If I apply a hash partitioner to Spark's aggregatebykey function, ie myRDD.aggregateByKey(0, new HashPartitioner(20))(combOp, mergeOp) 如果我将哈希分区程序应用于Spark的aggregatebykey函数,即myRDD.aggregateByKey(0, new HashPartitioner(20))(combOp, mergeOp)

Does myRDD get repartitioned first before it's key/value pairs are aggregated using combOp and mergeOp? 在使用combOp和mergeOp聚合键/值对之前,myRDD是否会先进行重新分区? Or does myRDD go through combOp and mergeOp first and the resulting RDD is repartitioned using the HashPartitioner? 还是myRDD首先通过combOp和mergeOp,然后使用HashPartitioner对生成的RDD进行重新分区?

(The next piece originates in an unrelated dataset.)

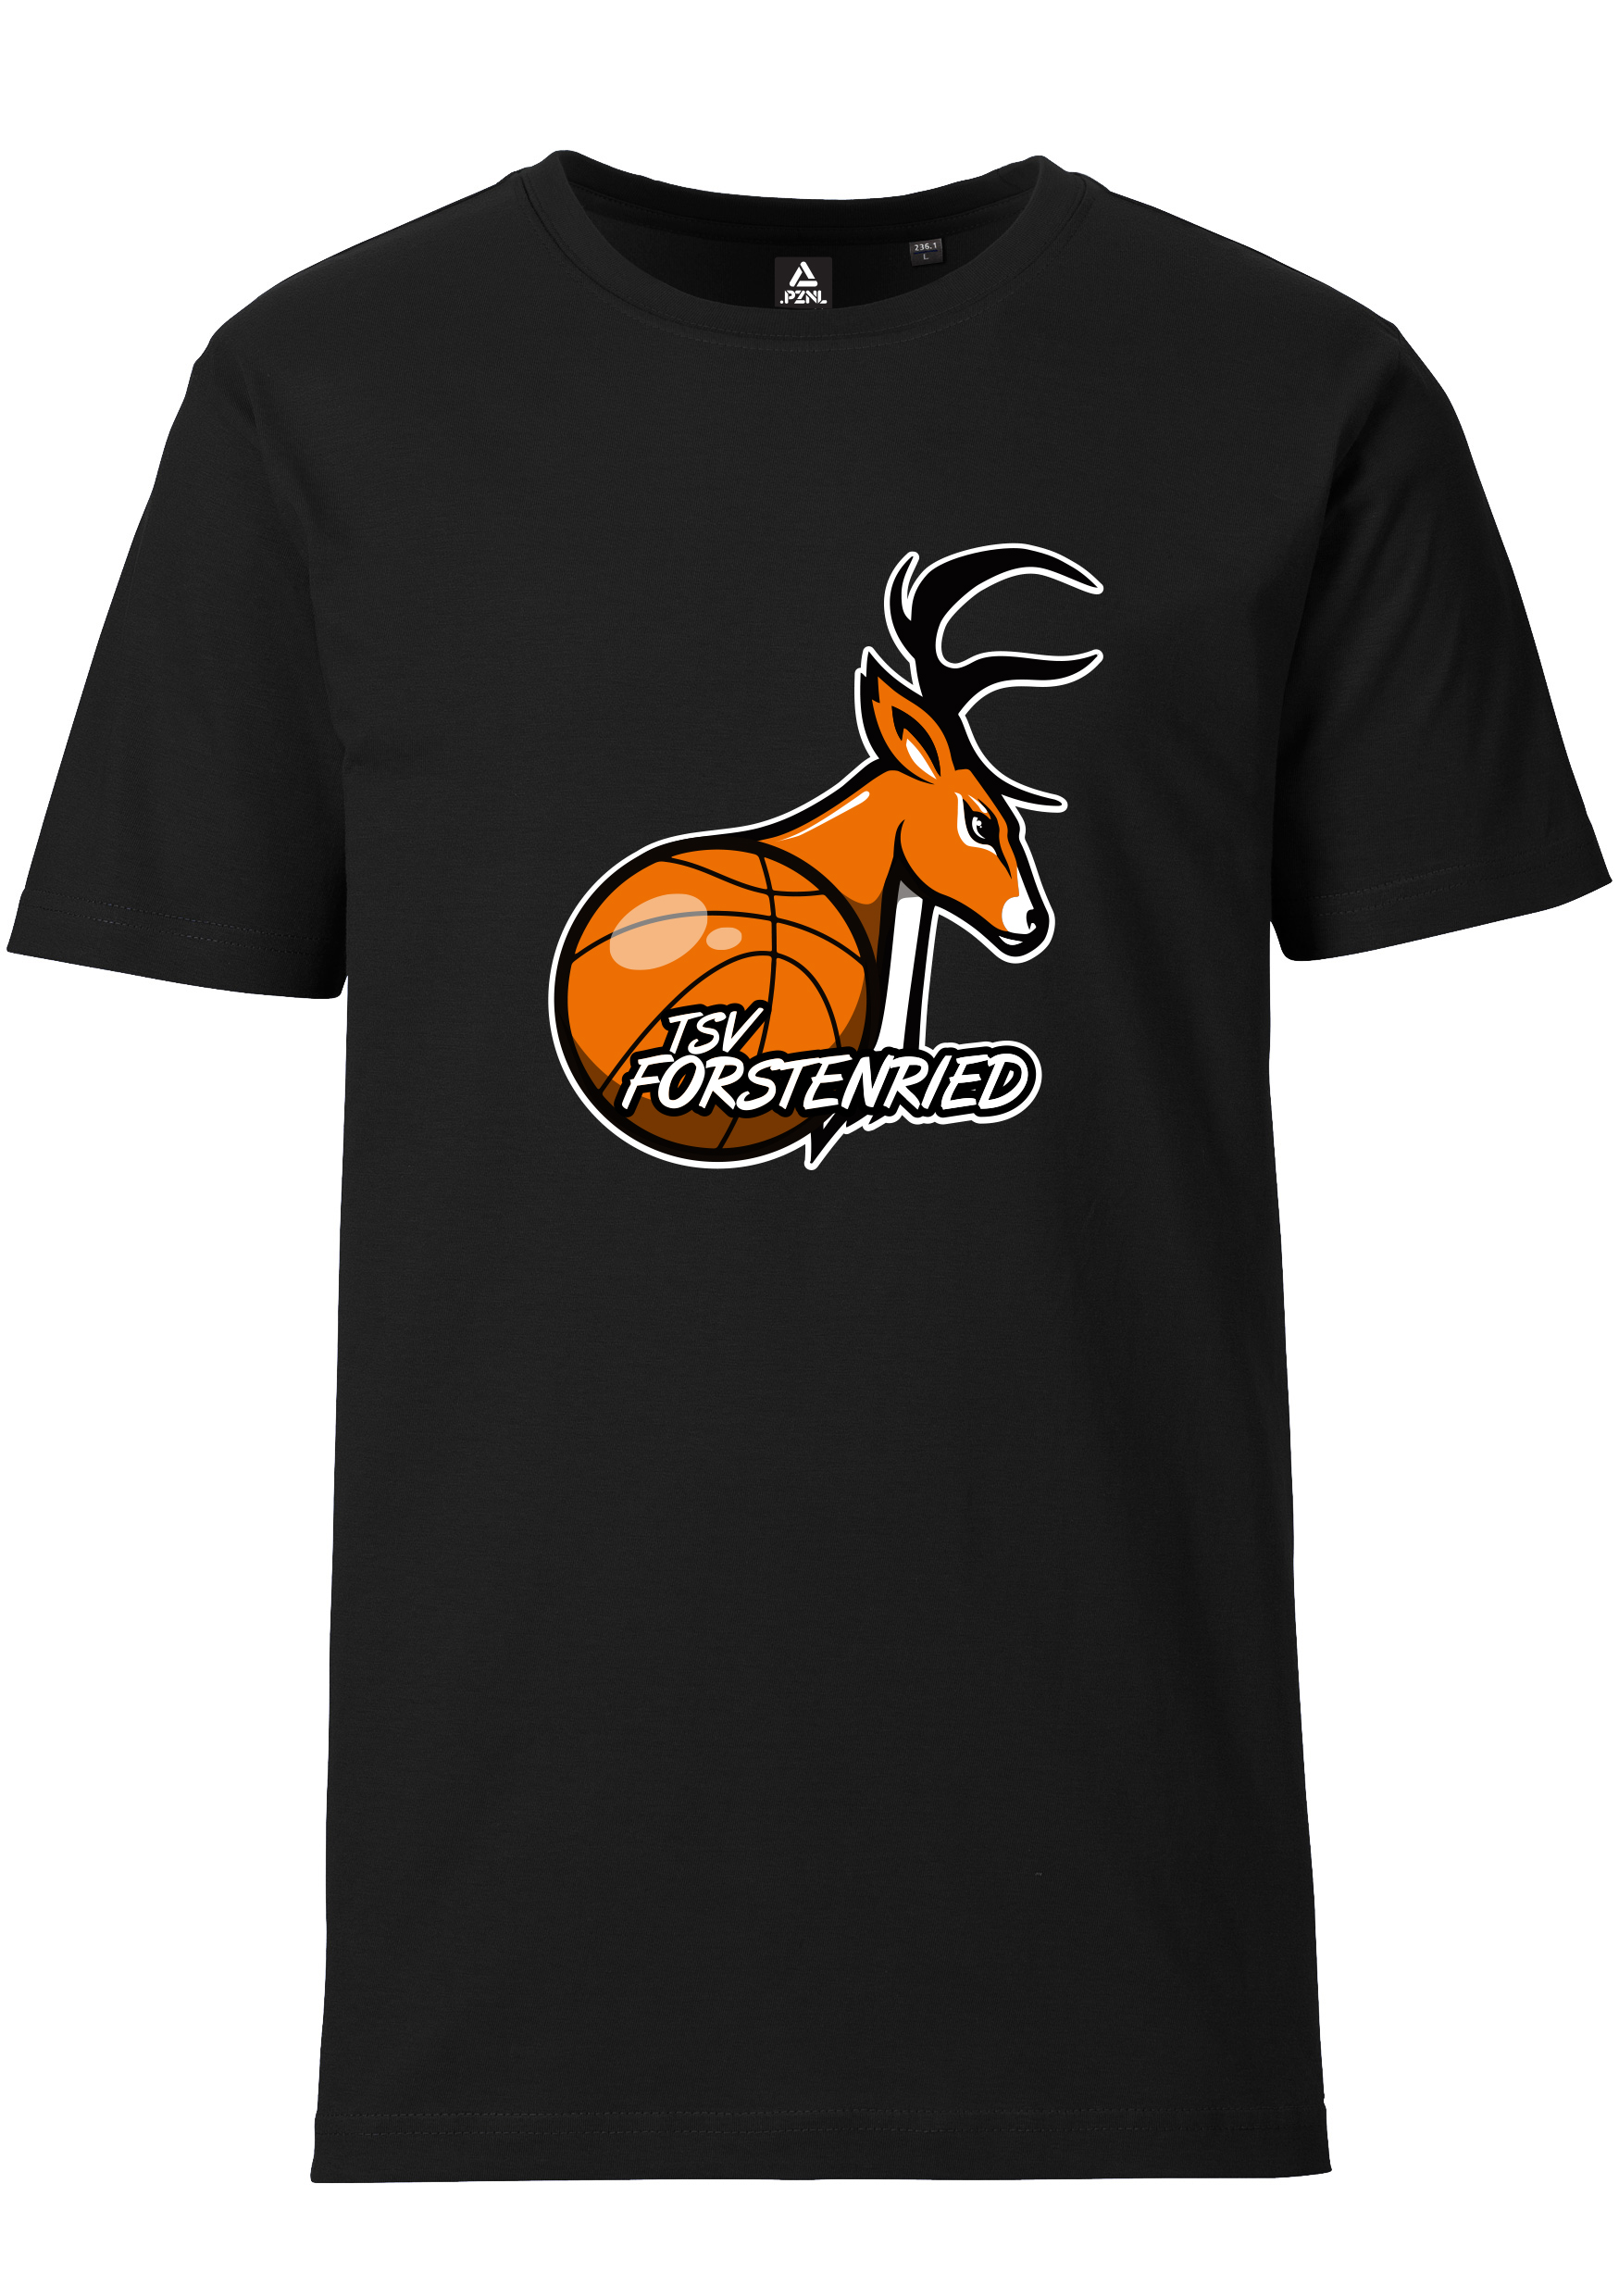 Forstenried Baskets T-Shirt Herren großes Logo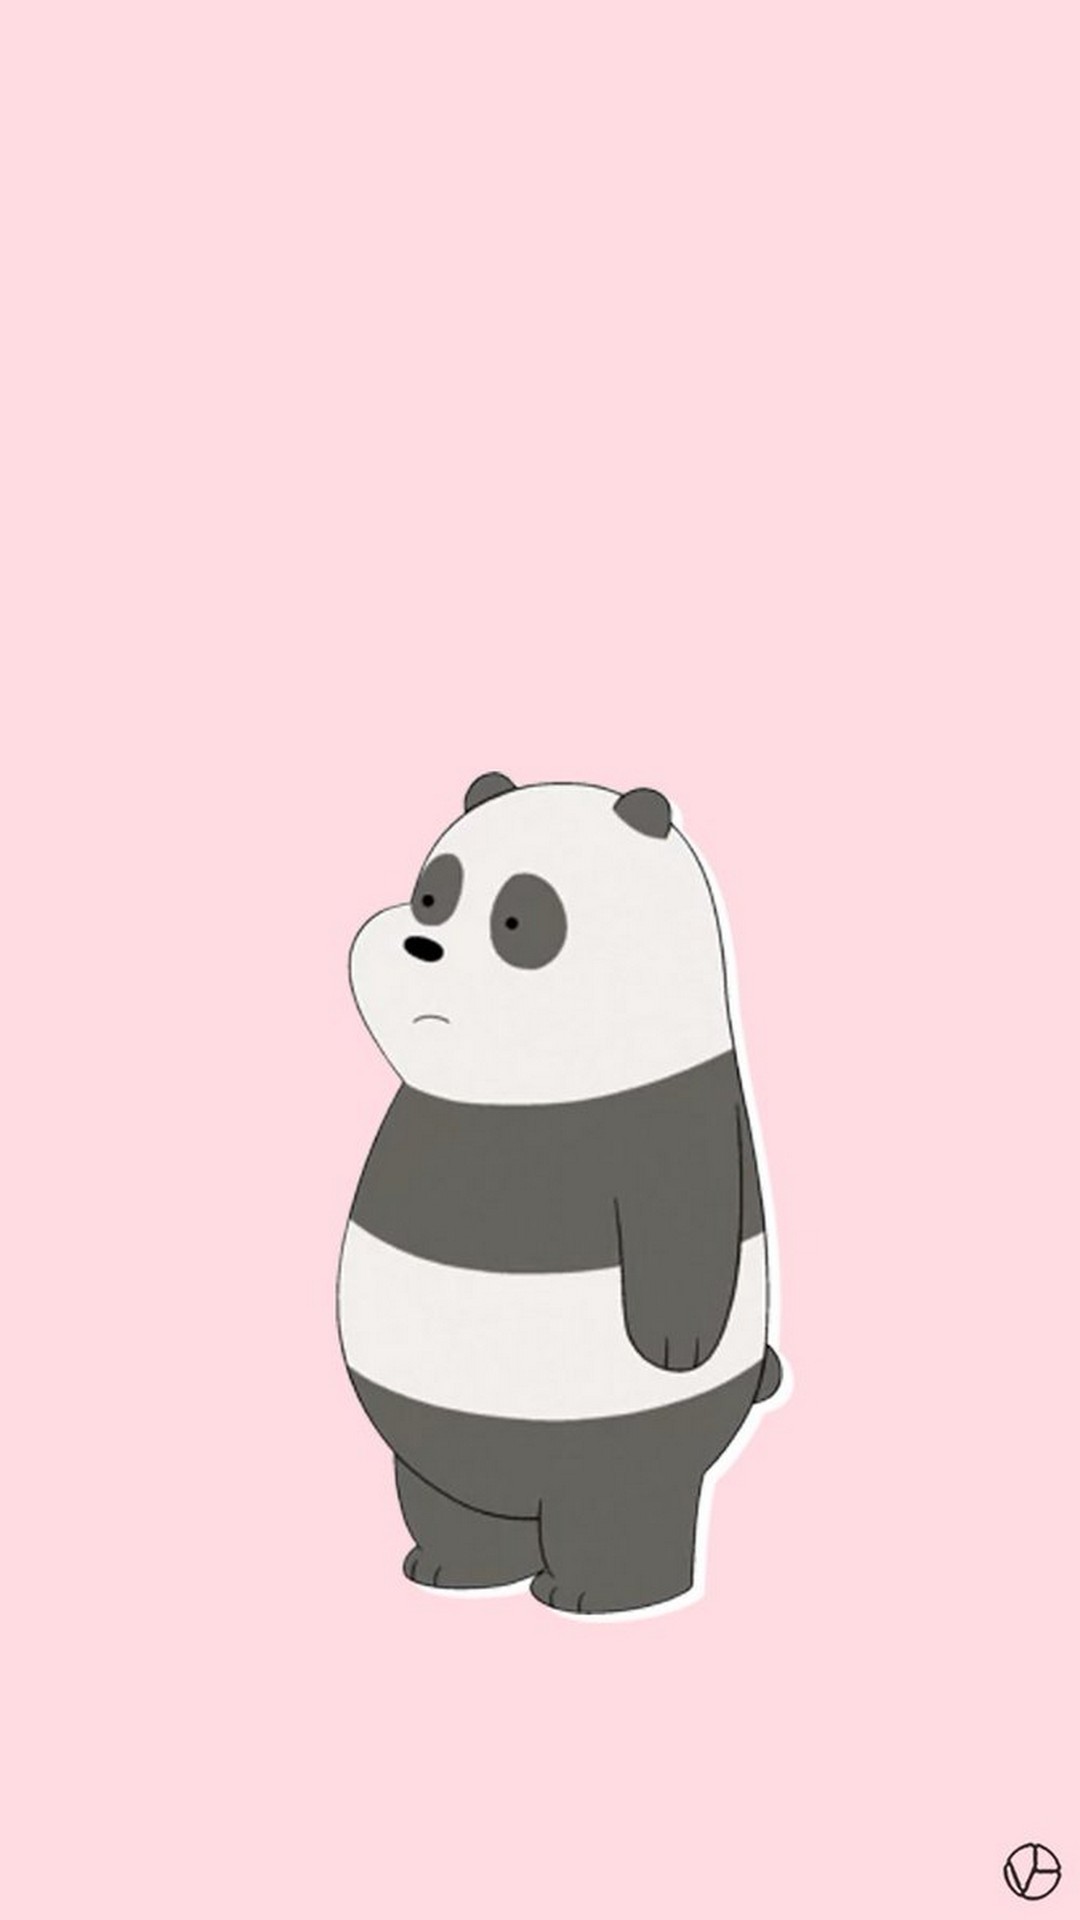 1080x1920 2560x1600 Fresh Cute Panda Wallpaper Iphone X Wallpapers Hd. Tarepanda  Pirates

aggregateByKey applies map side aggregation before eventual shuffle. aggregateByKey在最终洗牌之前应用地图端聚合。 Since every partition is processed sequentially the only operation that is applied in this phase is initialization (creating zeroValue ) and combOp . 由于每个分区都是按顺序处理的,因此在此阶段应用的唯一操作是初始化(创建zeroValue )和combOp A goal of mergeOp is to combine aggregation buffers so it is not used before shuffle. mergeOp的目标是合并聚合缓冲区,因此在混洗之前不使用它。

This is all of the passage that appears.